Sun and curator Barbara Pollack have changed the white cube museum environment into a dense transitory space that requires the audience to continue the momentum of the work. Like the sardonic protagonist in Huysmans’ book, who isolates himself in a temple of sensation, Sun has a totalising vision that eclipses a direct view of the world. The works allude to universal issues, to social, political or religious dynamics, but all specific historical narratives and actors are veiled in dense allegorical imagery.
Two openings go out of this space into a square room bracketed by two huge apocalyptic scenes, Lie Machine and Fire (2016) and Silver Universe (2016). The former shows a black landscape where inexplicable heaps of material burn, the latter contains several owls with a figure on horseback central in the composition. The blackness of the drawing, its allegorical imagery and panoramic format echoes Picasso’s Guernica (1937) but Sun provides no clue as to the references of the image, other than the title that may evoke the decadence of classical art, the so called Silver Age, extending to the death of Marcus Aurelius, whose famous equestrian monument is mirrored in the pose of the mounted figure.
Indeed, in an introductory talk for this show, and in other recent interviews, Sun disavows direct symbolic meanings, preferring history to be mediated through human experience rather than inscribed as fact, just as he experienced the conflict between taught and oral histories in the 1980s when he was at school.

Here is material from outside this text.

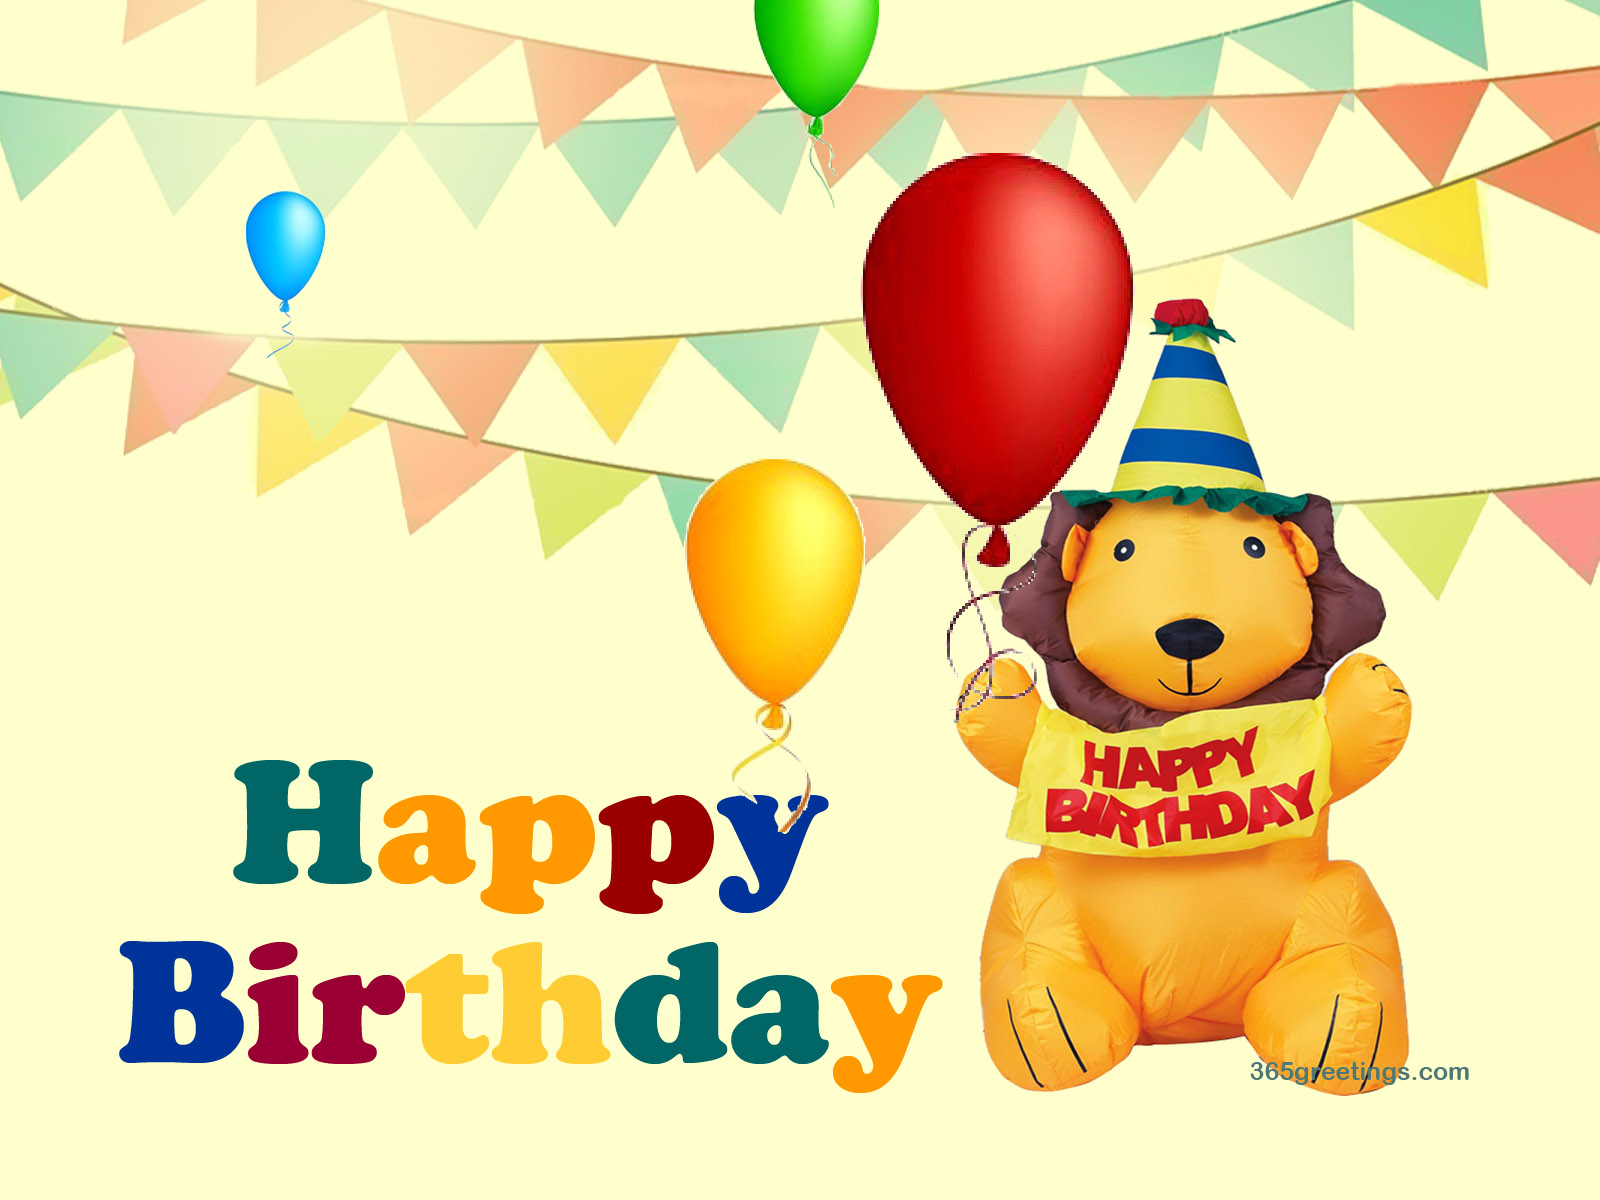 Download ments Happy Birthday Balloons Wallpaper Full

He sustains that “works of art are primarily considered as one for productive circulation rather than a means of intellectual reflection.”
Cutting across this room is a low suspended shelf in the form of an arc. It supports an opened out folding book, The Fable of Jing Bang Sea World (2016). A metal panel displays two further multimedia works. There is a feeling that these works are connected but only the sense of disquiet and disruption is explicit. The sheer quantity of imagery, lacking an overbearing narrative, defies a static reading.
Sun has previously specified the significance of some recurring figures, such as the magician – a metaphor for a politician, a professional liar. As his work has matured he has become coy about explicit symbolic meanings; the audience has to decide. In this exhibition the reference to the Laboratory invites visitors to probe for interpretation. His comments, such as “art is a dream that emerges from an accumulation of continuing failures”, point to an ethos where the rich emblematic content of his oeuvre is carried in a creative wave rather than formulated as a programme.
The 12 films cover a period of ten years from, Utopia of the Day (2004) to What Happened in Past Dragon Year (2014). Each is a self-contained work but Sun suggests you do not watch them individually but be immersed in the overall mood of fragments and changes, “an all encompassing environment […] a tunnel of light and sound.”
Sun has made a ‘post-truth’ museum. He parodies the modern museum that embeds knowledge in media displays, combinations of artifacts and contextual material. The conventional museum visit evokes an understanding of the past; this experience confirms the foreboding confusions and anxieties of the present.